* [THE PROBLEM]
Copy the lines below, please, starting with the one that contains "Gabor Lanzarote Toe" and ending with the last. Pictures stay out.

* [SUPPLIED INFORMATION]

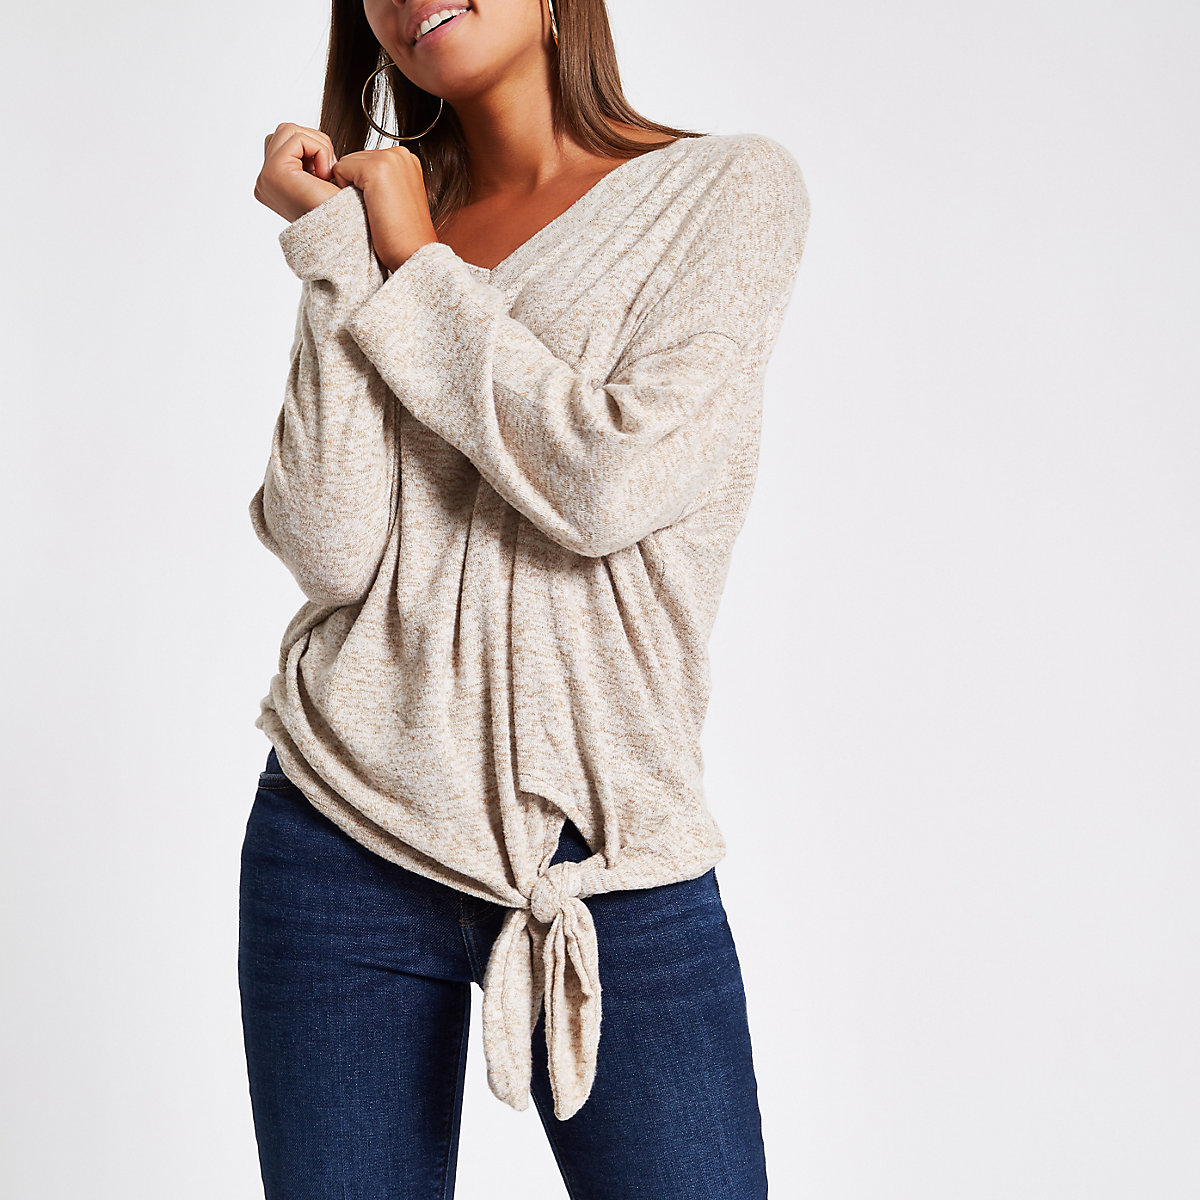 Beige hacci knit tie front top
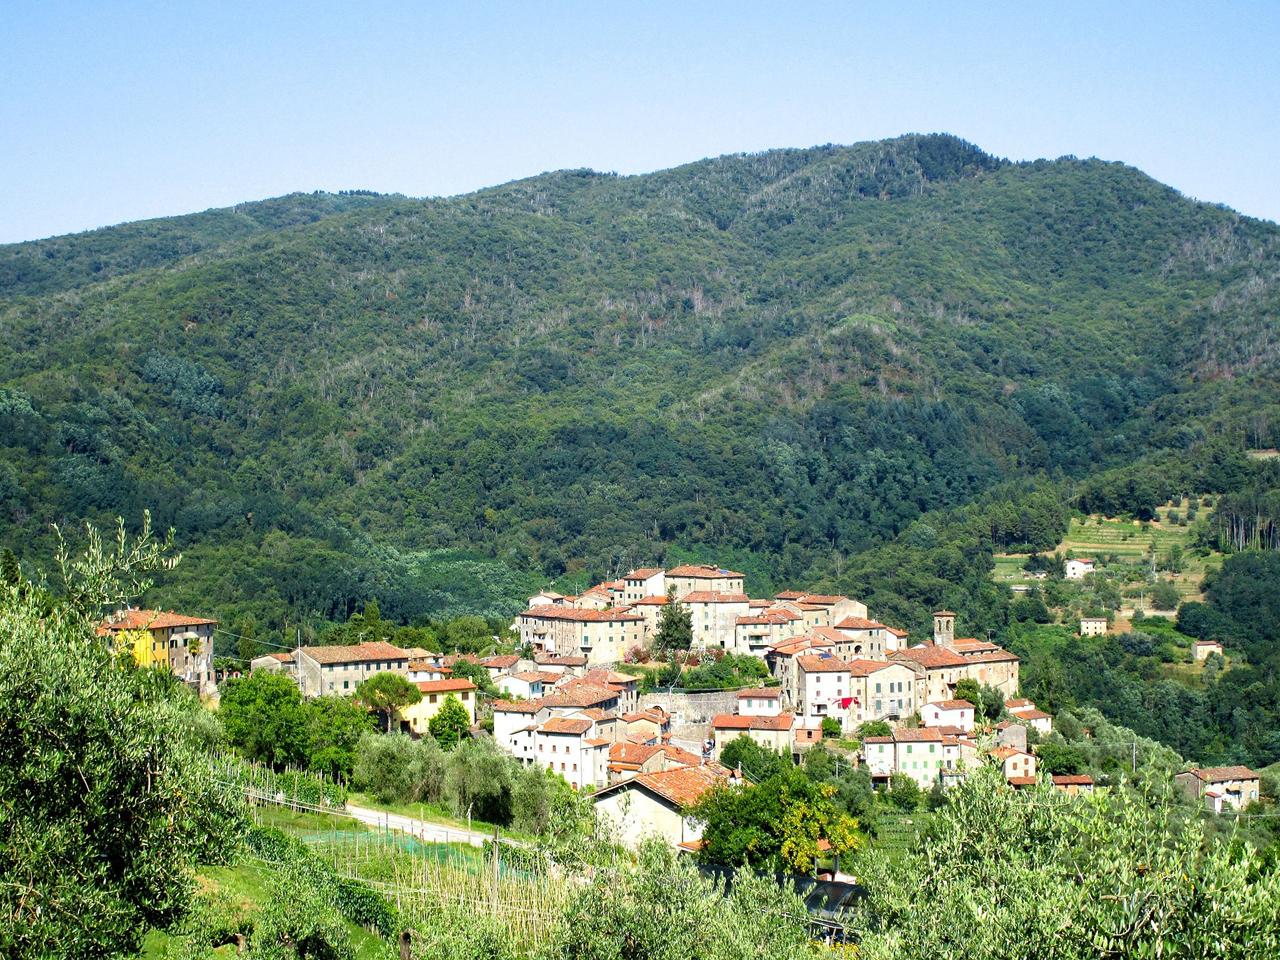 Castelvecchio  Photo credit: Pixabay
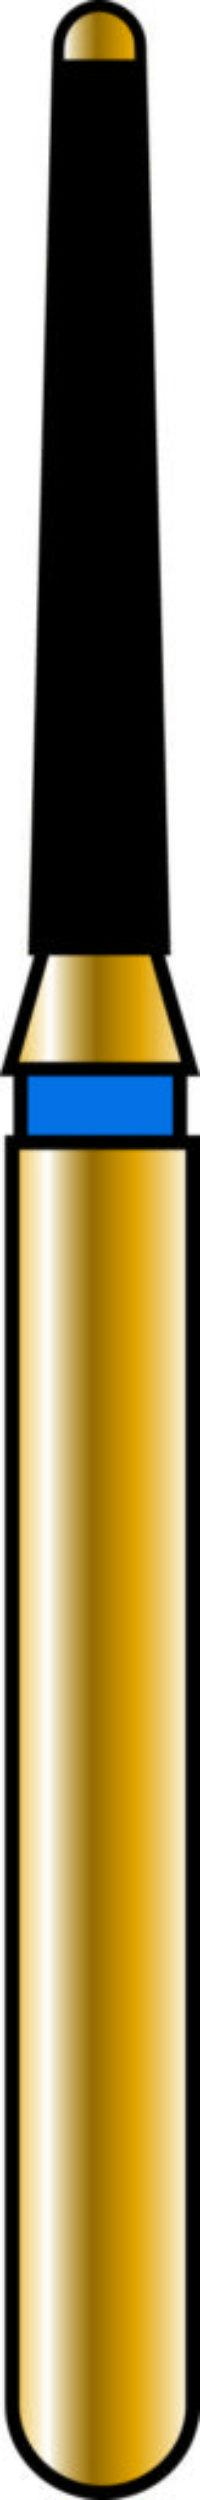 Safe End Rounded Taper 12-8mm Gold Diamond Bur - Coarse Grit
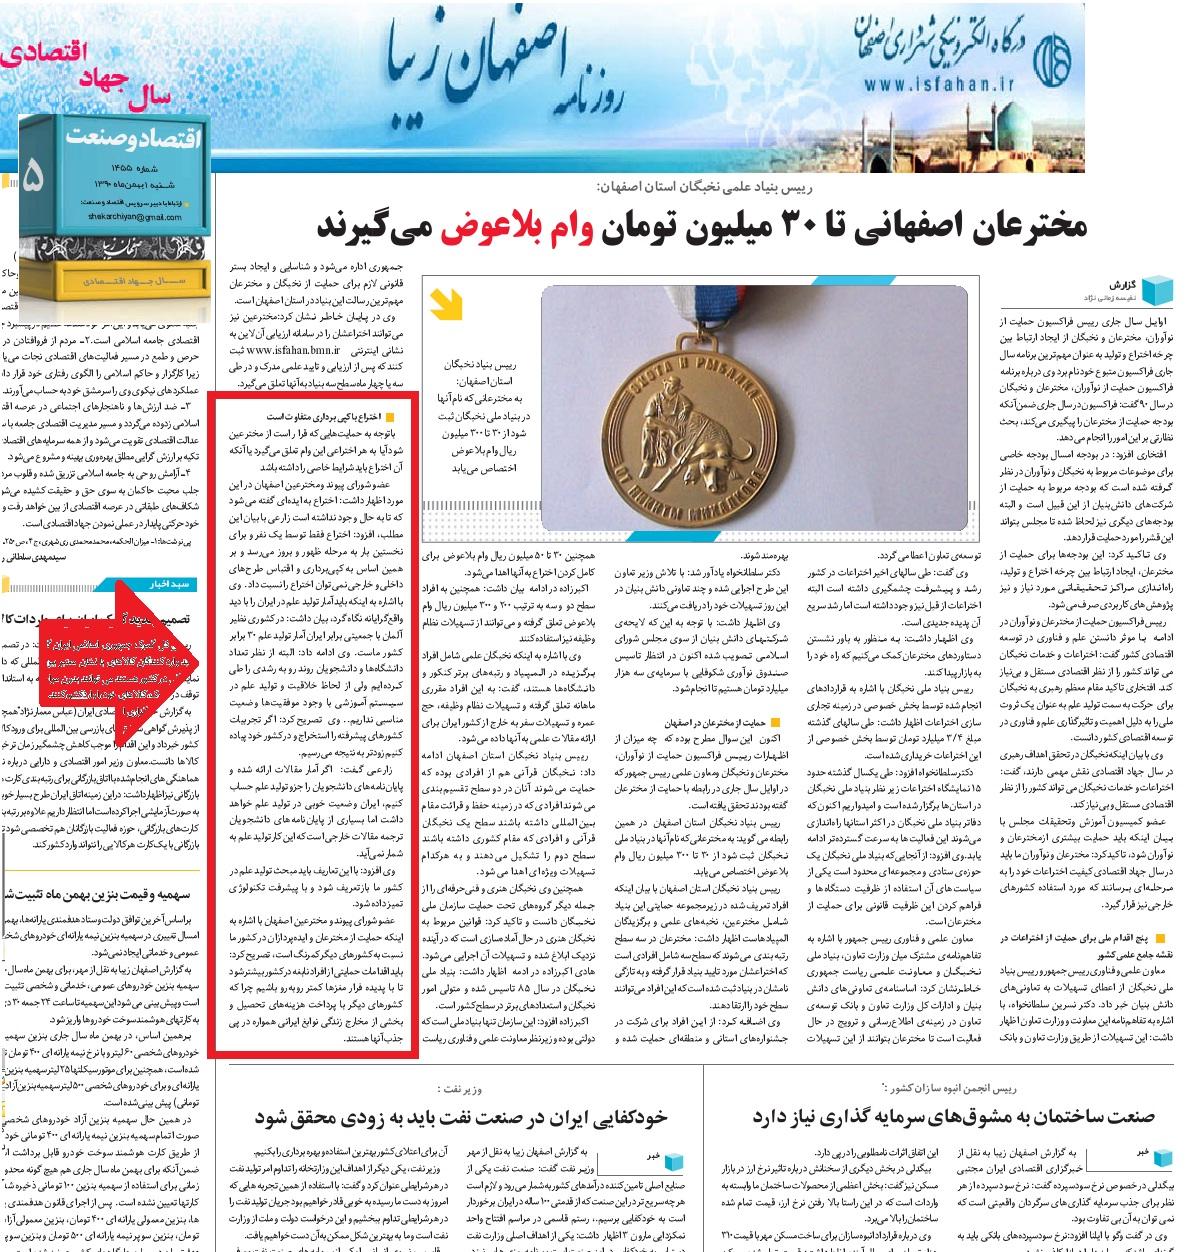 http://www.n-javan.com/khabargozariha/esfahanziba-nokhbagan.jpg
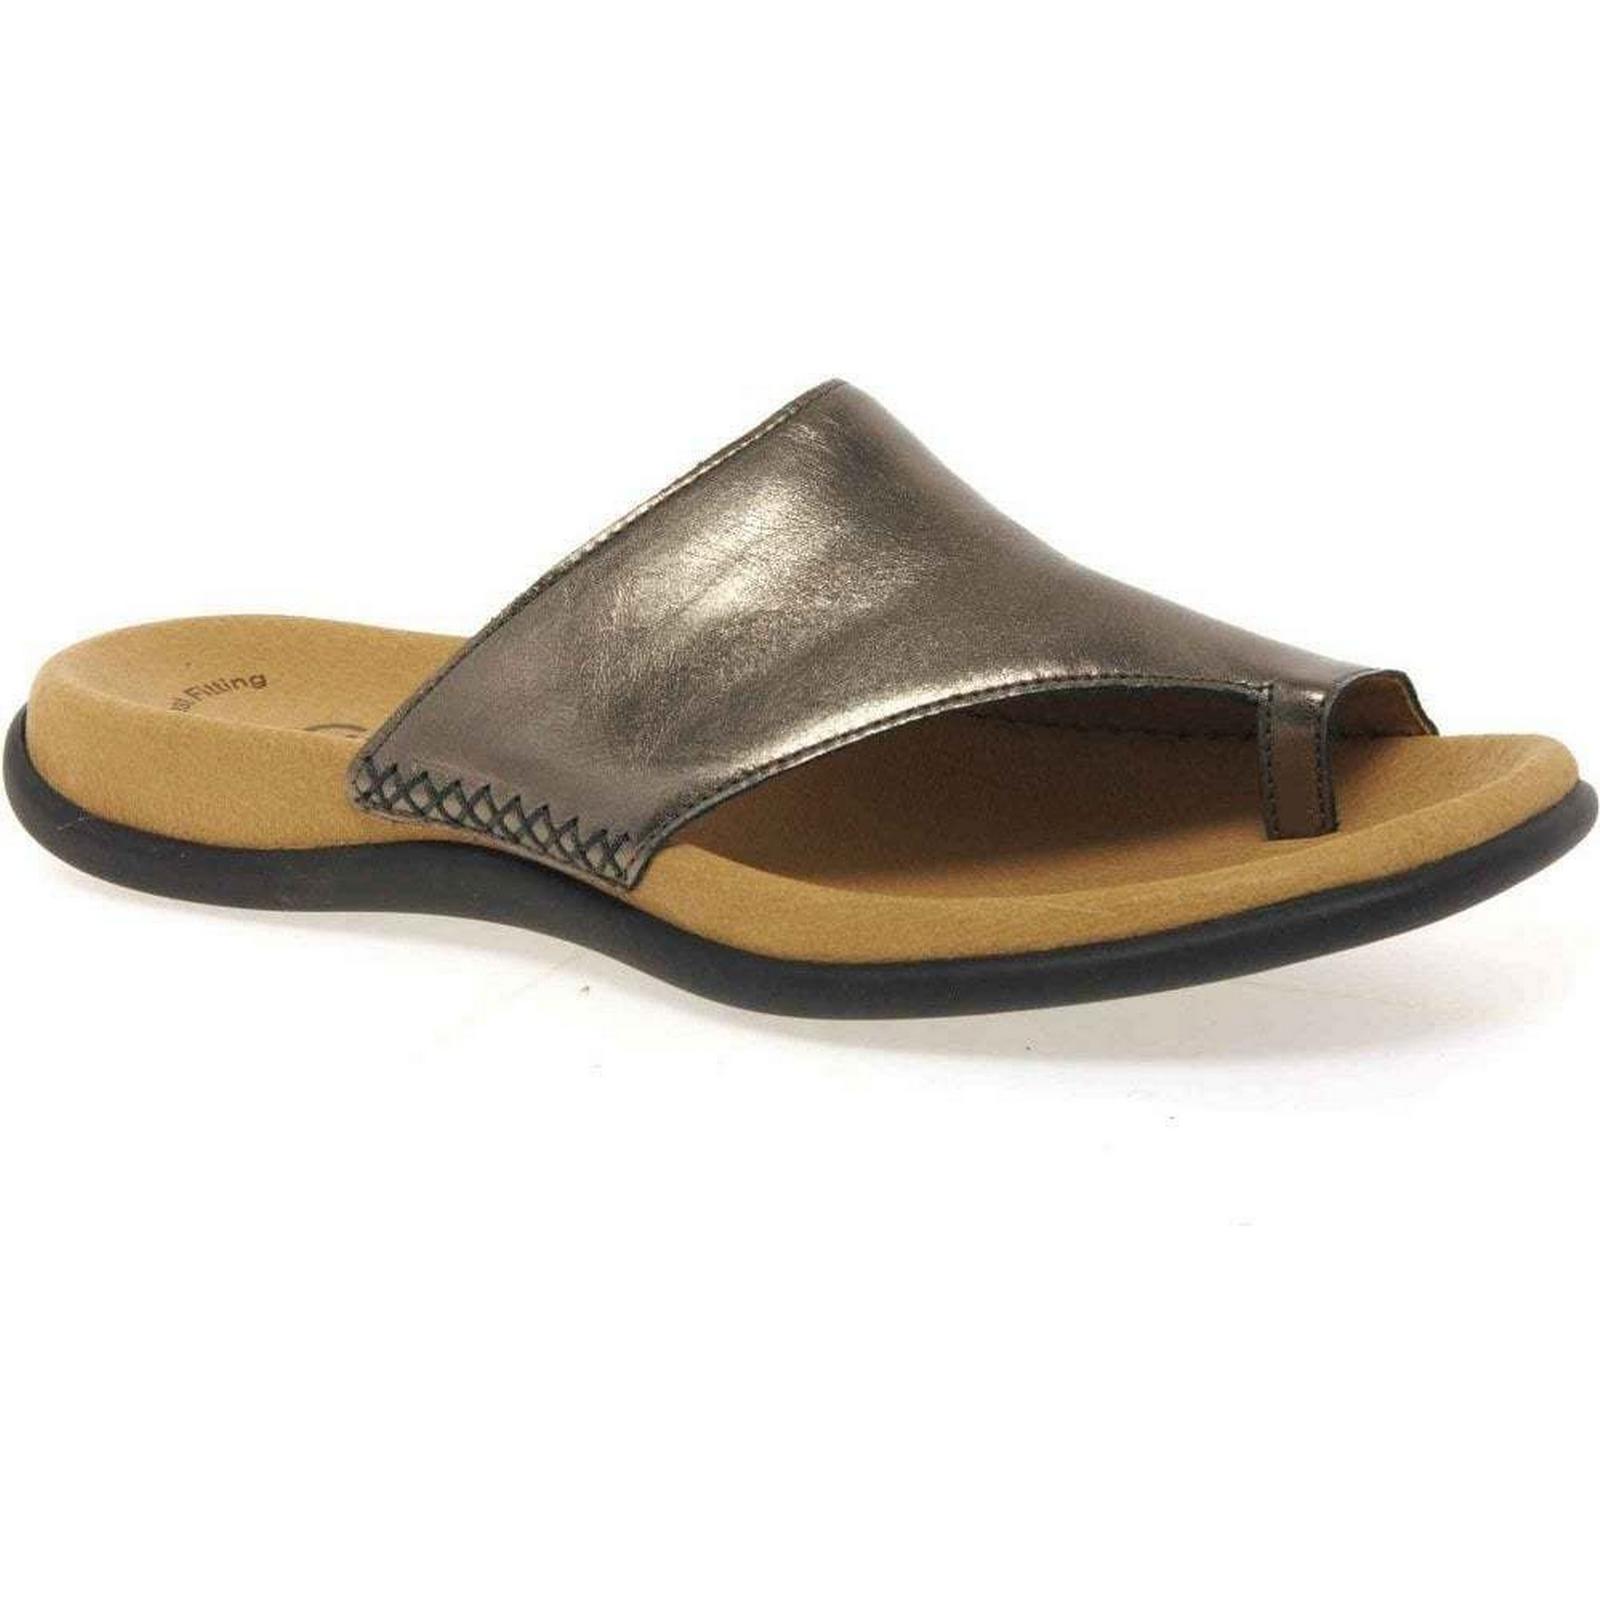 Gabor Lanzarote Toe Antique Loop Womens Mules Colour: Antique Toe Silver, Size: 6 442f13
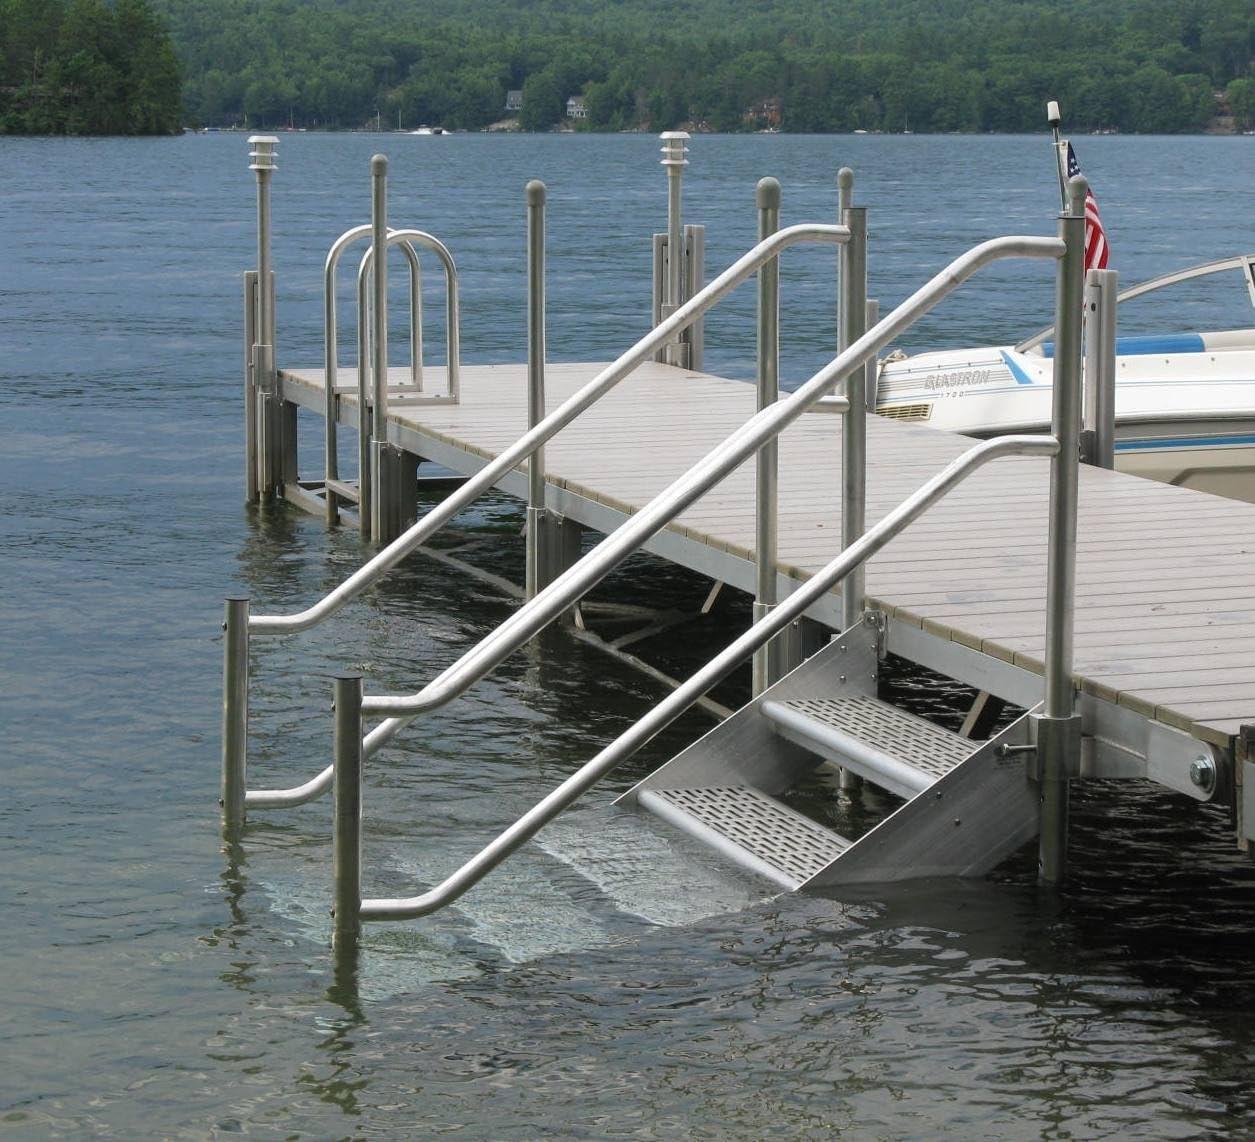 Amazon Com Ortus Enterprises 4 Step Heavy Duty Aluminum Dock | Aluminum Railings For Steps | Verandah | Glass Railing | Pipe | Indoor | Glass Panel Wooden Handrail

* [RESPONSE TO THIS EXERCISE]
 Gabor Lanzarote Toe Antique Loop Womens Mules Colour: Antique Toe Silver, Size: 6 442f13
 Amazon Com Ortus Enterprises 4 Step Heavy Duty Aluminum Dock | Aluminum Railings For Steps | Verandah | Glass Railing | Pipe | Indoor | Glass Panel Wooden Handrail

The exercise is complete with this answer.